┌──
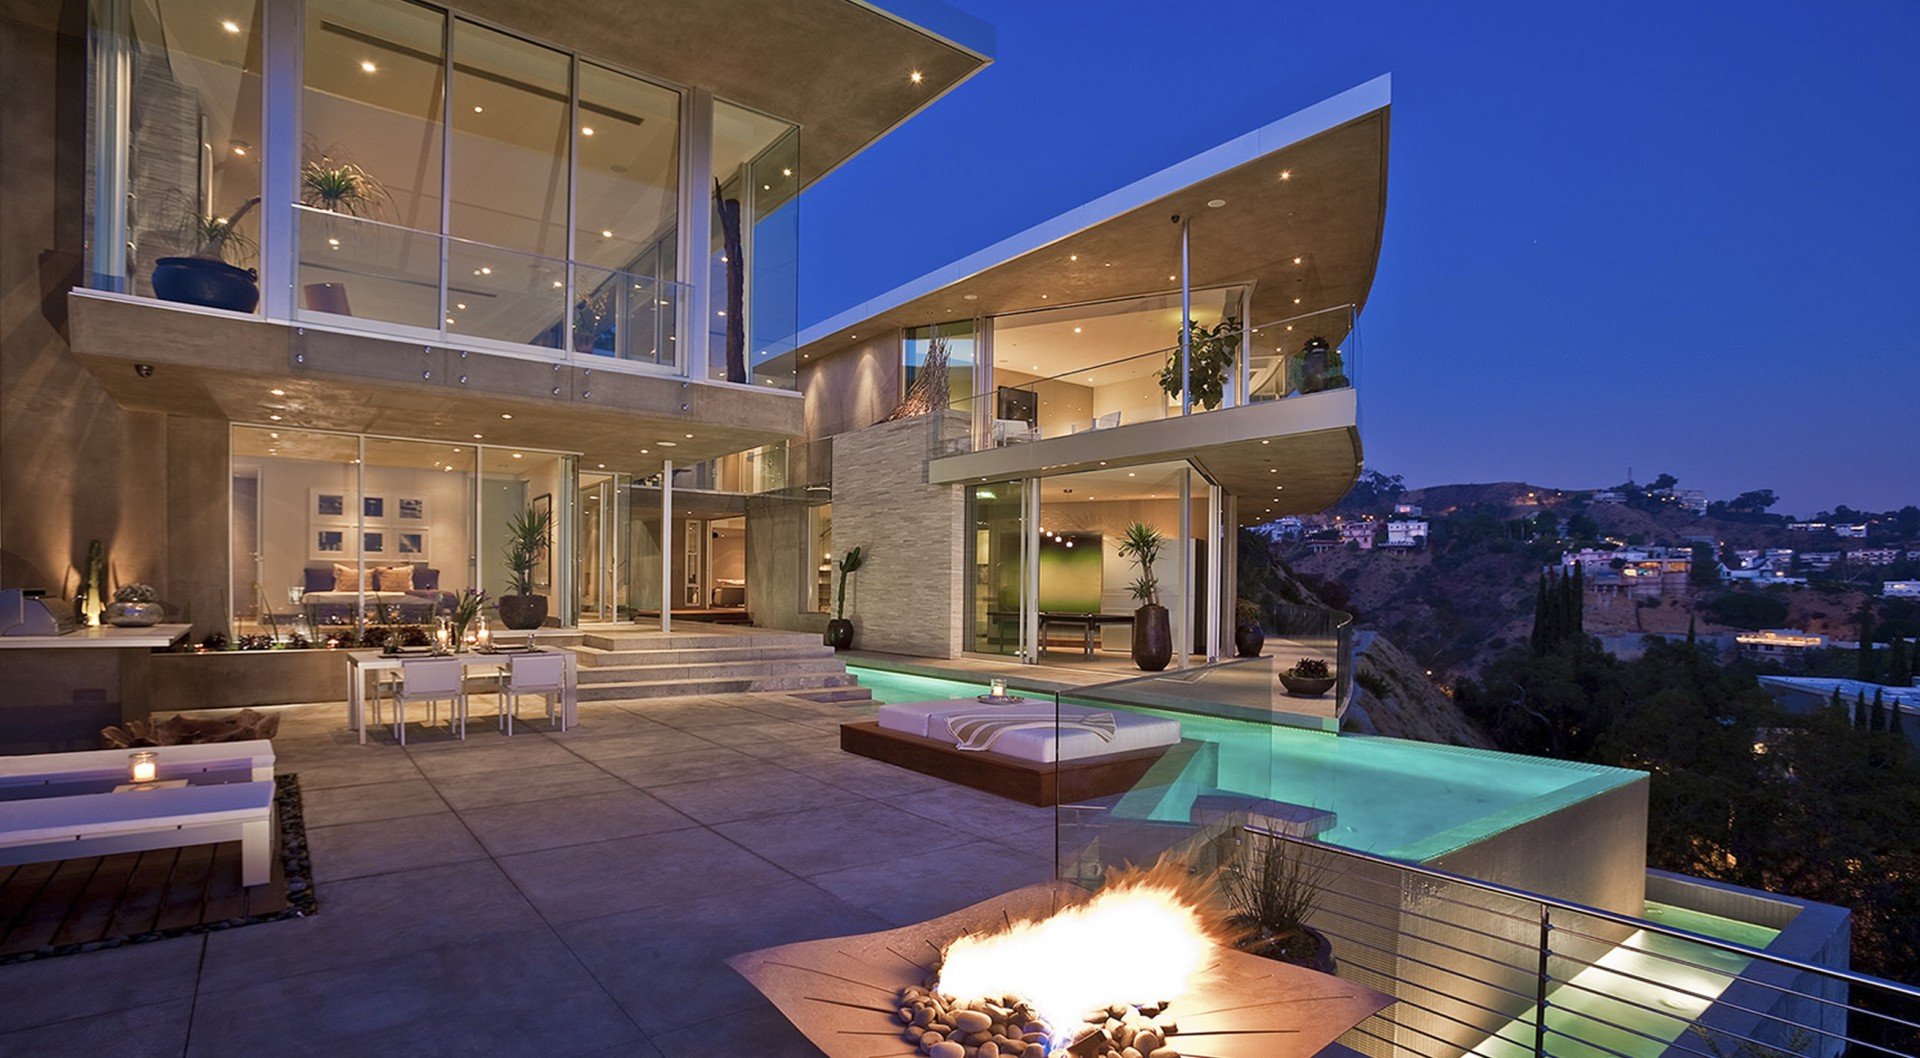 Avicii Buys A $15.5 Million Hollywood Hills Mansion ...
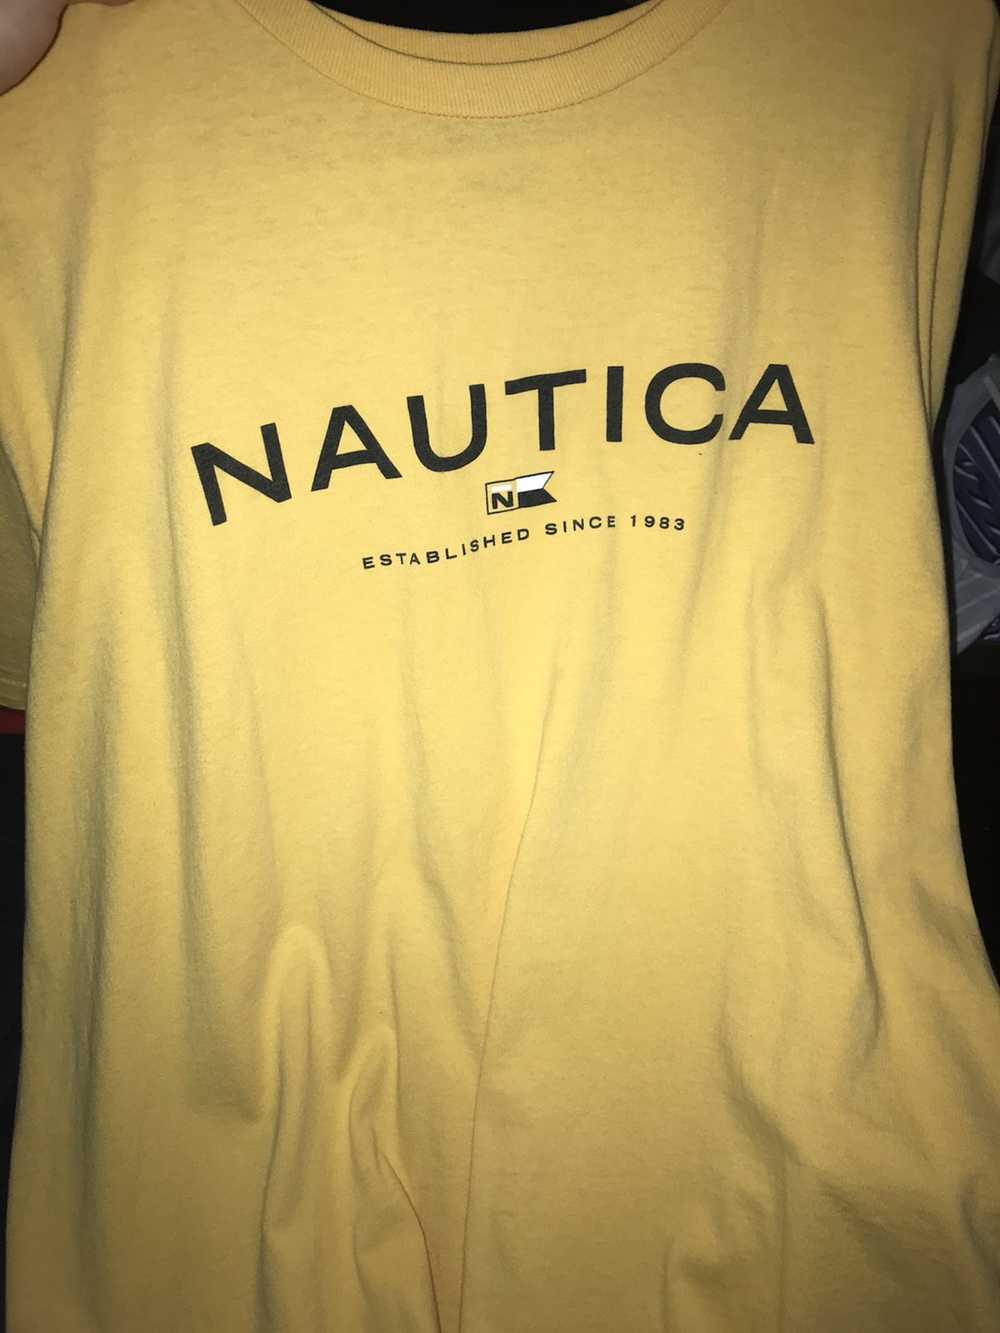 Nautica Nautical Vintage T-Shirt - image 1
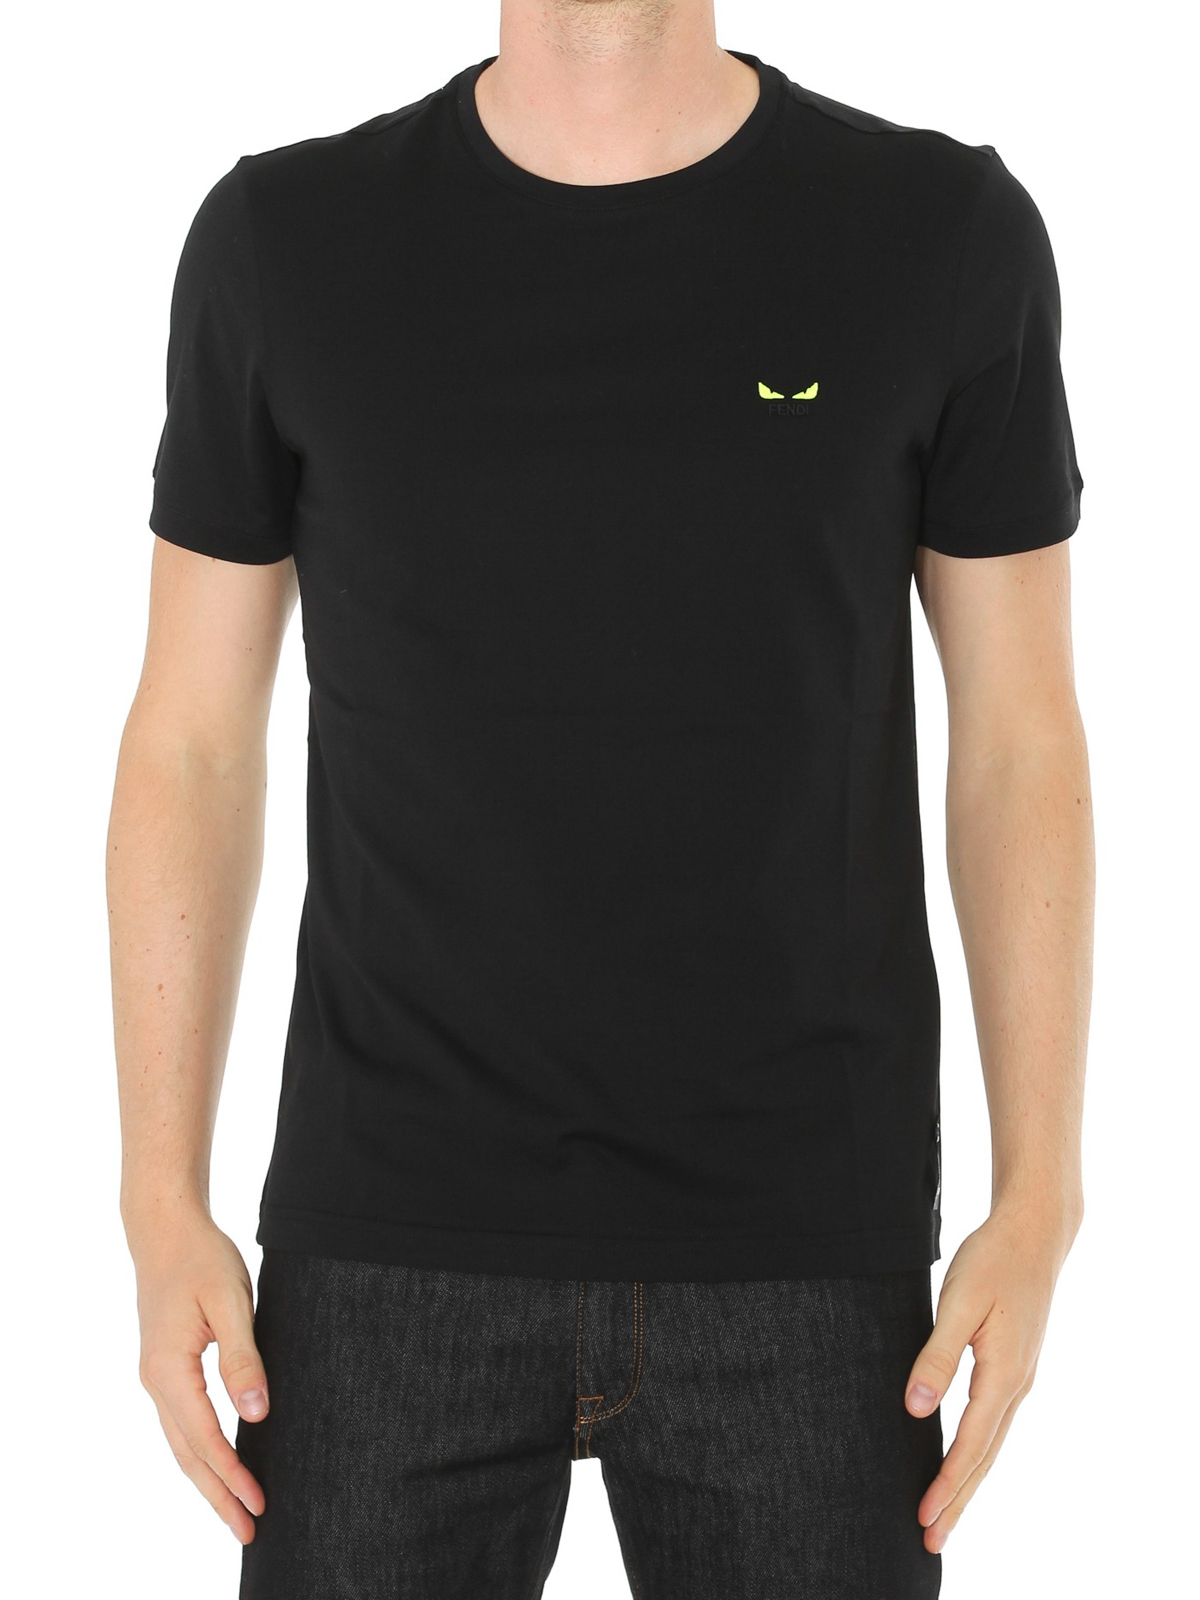 Stolthed klap garage T-shirts Fendi - Bug Eyes embroidery black T-shirt - FY0894A875F0QA1
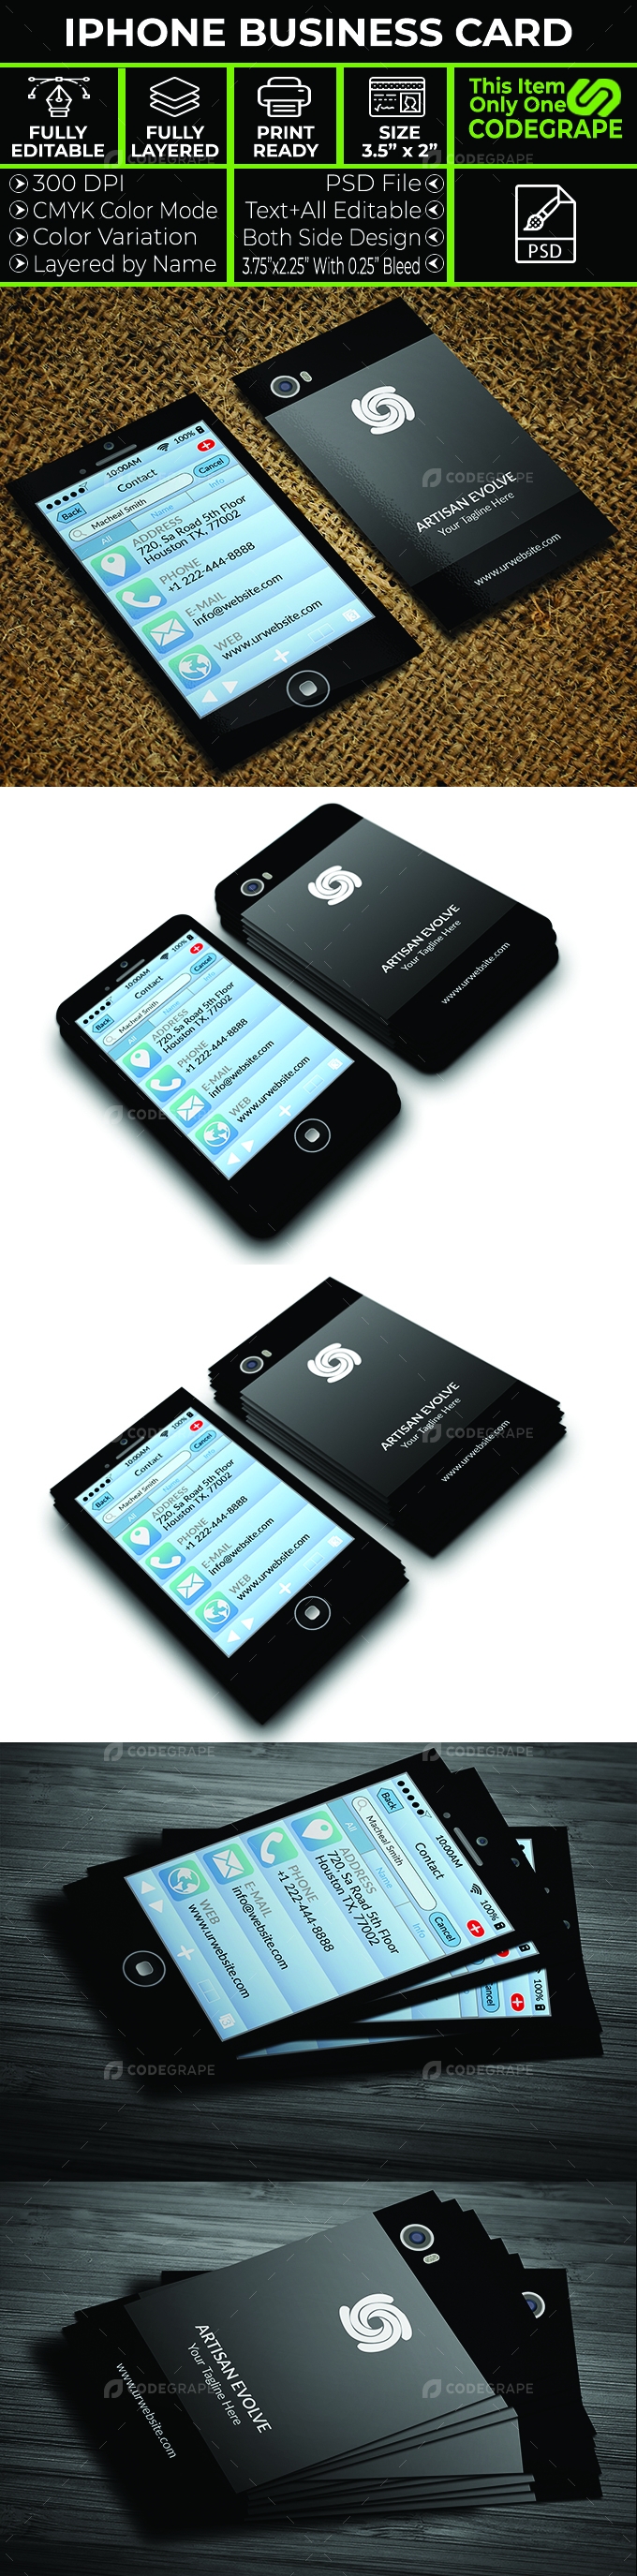 iphone Business Card Design Template
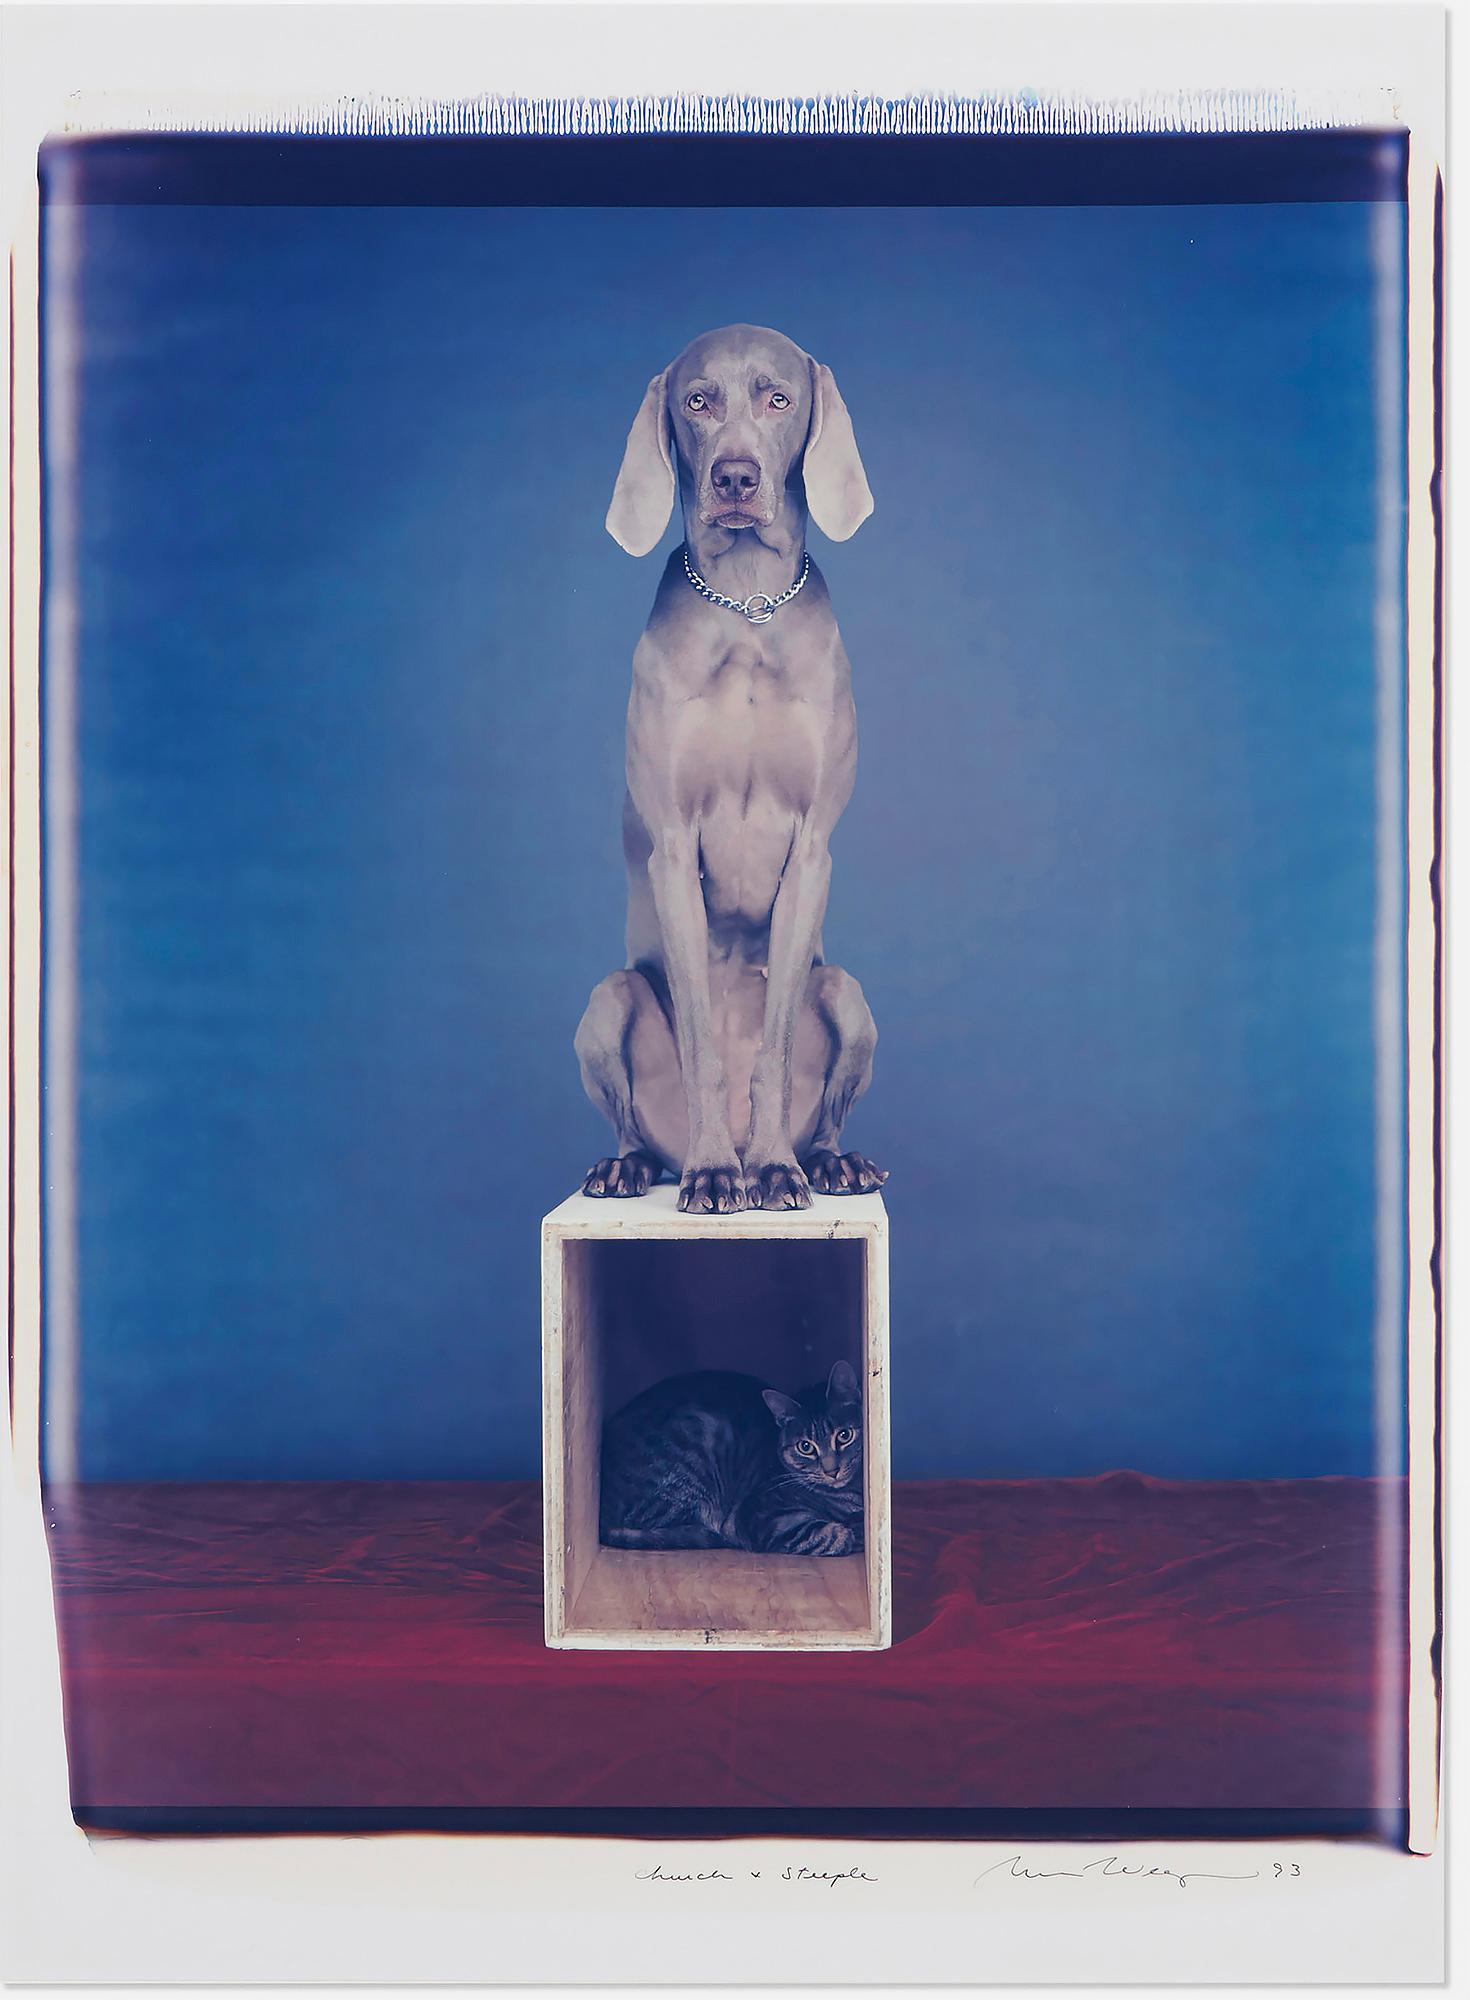 William Wegman Portrait Photograph - Church & Steeple - Dog and Cat Large Format Polaroid
└──
● **Task directions**:
Copy the entries precisely, images excluded.

● **Exercise result**:
 Avicii Buys A $15.5 Million Hollywood Hills Mansion ...
 Nautica Nautical Vintage T-Shirt - image 1
 Stolthed klap garage T-shirts Fendi - Bug Eyes embroidery black T-shirt - FY0894A875F0QA1
 iphone Business Card Design Template
 William Wegman Portrait Photograph - Church & Steeple - Dog and Cat Large Format Polaroid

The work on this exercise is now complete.